- Theatrical release poster
- Directed by: Herbert I. Leeds
- Screenplay by: George Callahan
- Based on: Fortuneer by Reginald Taviner
- Produced by: Lewis J. Rachmil
- Starring: Robert Sterling Joan Dixon Ricardo Cortez Dante
- Cinematography: Henry Freulich
- Edited by: Desmond Marquette
- Music by: Paul Sawtell
- Production company: RKO Pictures
- Distributed by: RKO Pictures
- Release date: August 2, 1950 (Kansas City);
- Running time: 67 minutes
- Country: United States
- Language: English

= Bunco Squad =

1950 film by Herbert I. Leeds

Bunco Squad is a 1950 American crime film directed by Herbert I. Leeds and written by George Callahan. The film stars Robert Sterling, Joan Dixon, Ricardo Cortez and Dante (Harry August Jansen). It was released on September 1, 1950 by RKO Pictures.

== Cast ==
- Robert Sterling as Det. Sgt. Steve Johnson
- Joan Dixon as Grace Bradshaw / Bride in film
- Ricardo Cortez as Tony Weldon
- Douglas Fowley as Det. Sgt.

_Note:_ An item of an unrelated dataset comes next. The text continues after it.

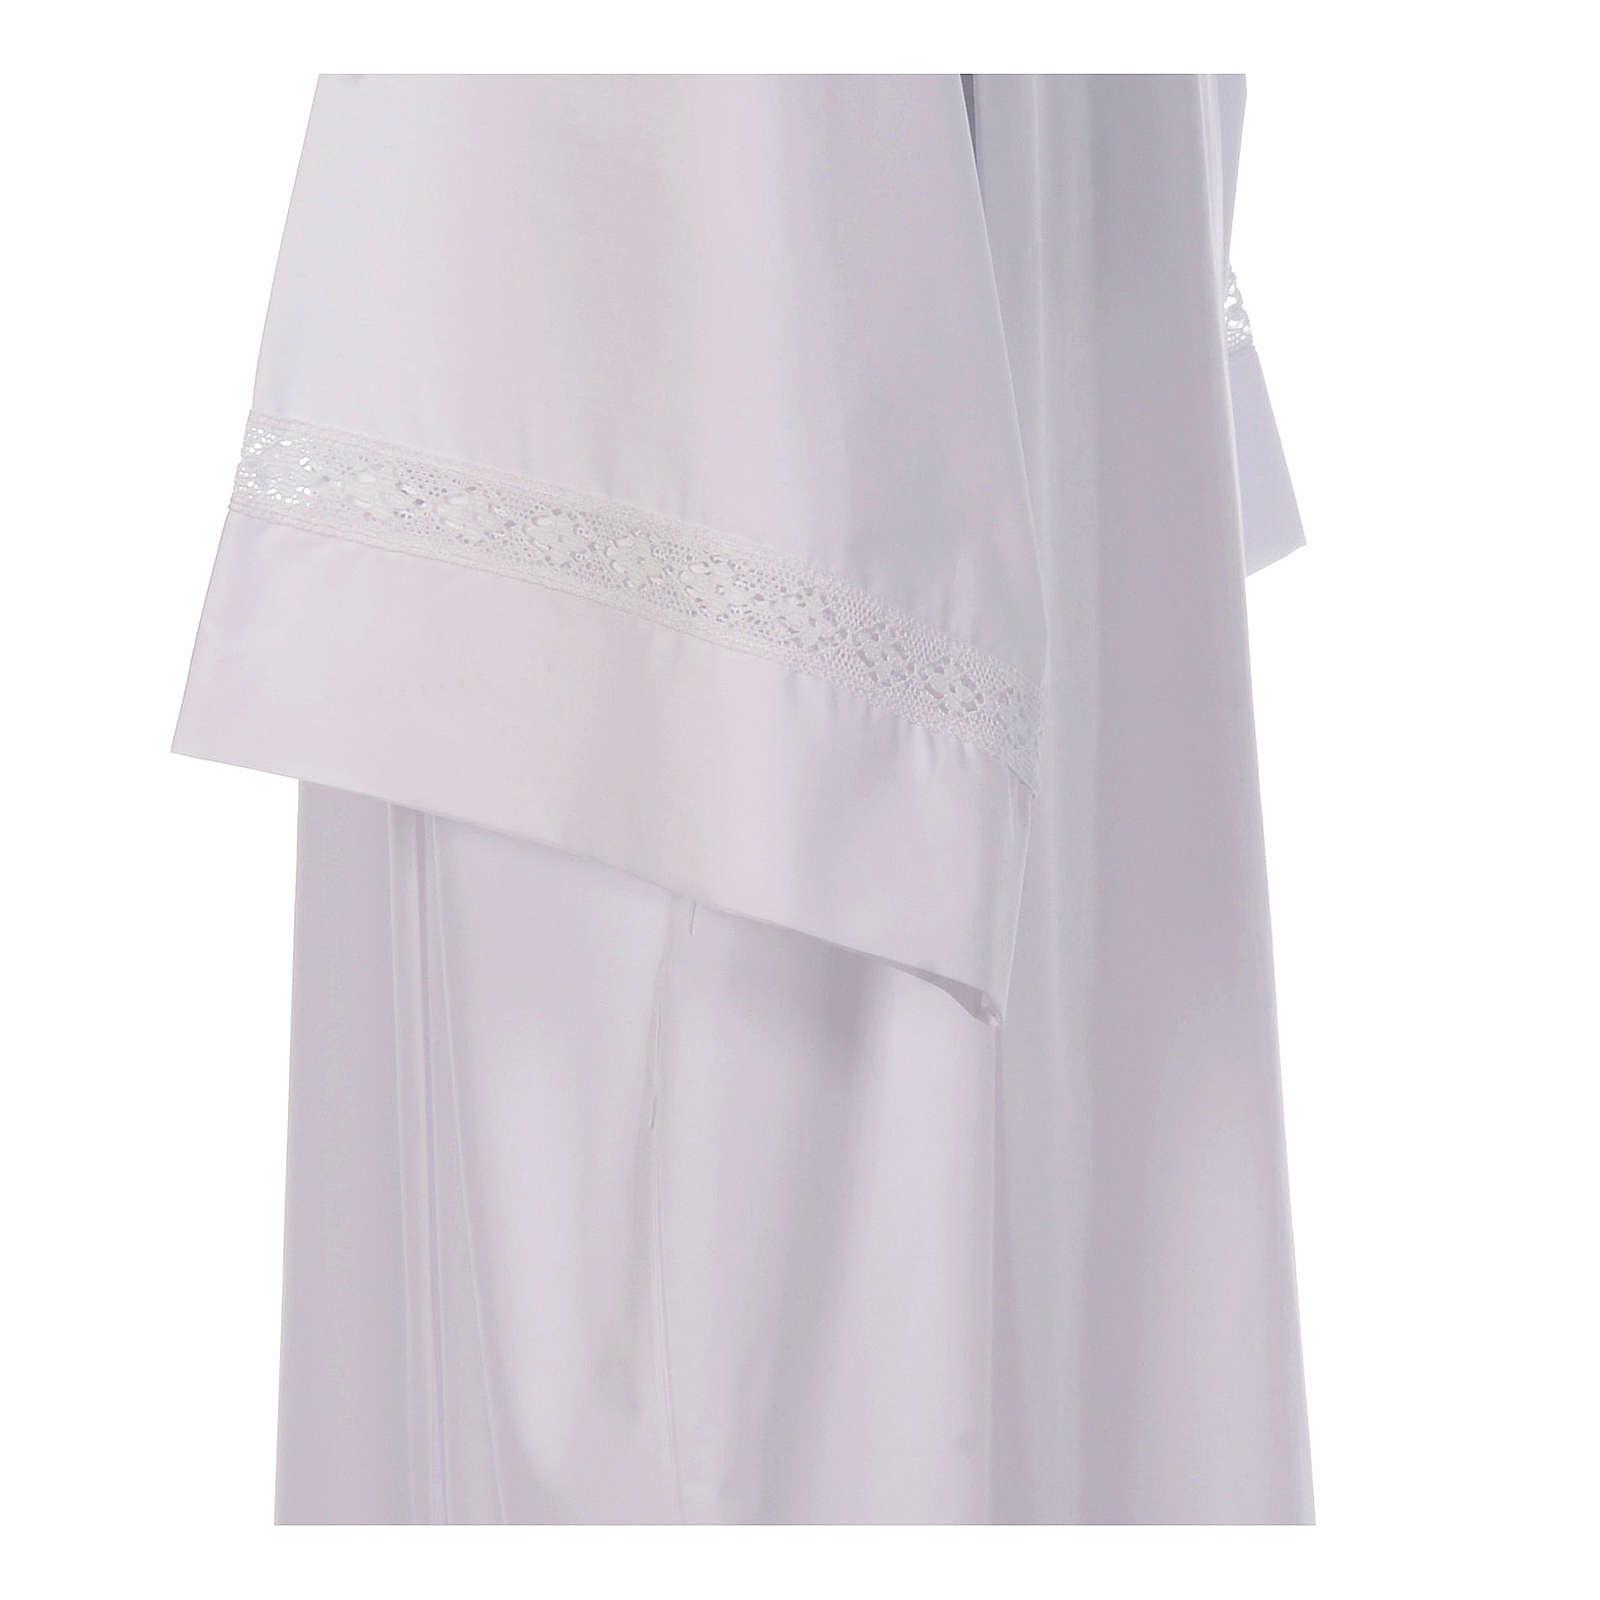 Camice bianco piegoni e pizzo di cotone su fondo e maniche misto cotone 4

Mack McManus
- Elisabeth Risdon as Jessica Royce
- Marguerite Churchill as Barbara Madison
- John Kellogg as Fred Reed
- Bernadene Hayes as Princess Liane
- Robert Bice as Drake
- Vivien Oakland as Annie Cobb
- Harry August Jansen as Dante the Magician
- Frank Wilcox as Dr. Largo (uncredited)

== Production ==
Bunco Squad was filmed over the course of several weeks in February 1950.

Harry August Jansen, a famous magician for more than 50 years and known professionally as Dante, emerged from retirement to appear in the film and assist as a technical advisor. Jansen donated his own spiritualistic props, valued at more than $50,000, for use in the film. Marguerite Churchill, who plays Barbara Madison, appears in her first screen role since 1938, when she retired to marry actor George O'Brien. Joan Dixon, a 20-year-old tall brunette who had studied for one year under top Hollywood scout Florence Enright, made her screen debut in Bunco Squad.

Producer Lewis J. Rachmill consulted with a palmist, psychic adviser, handwriting analyst, phrenologist, astrologer and "character consultant" while preparing for the film. After the consultations, he said: "My picture will tell all, and that's a lot more than these phony seers did."

== Reception ==
Bunco Squad was first shown in Kansas City, Missouri on August 2, 1950 and was released nationwide as a second feature.

A reviewer in the Daily Times of Davenport, Iowa wrote that the film "could have been cut in half with no damage to the plot".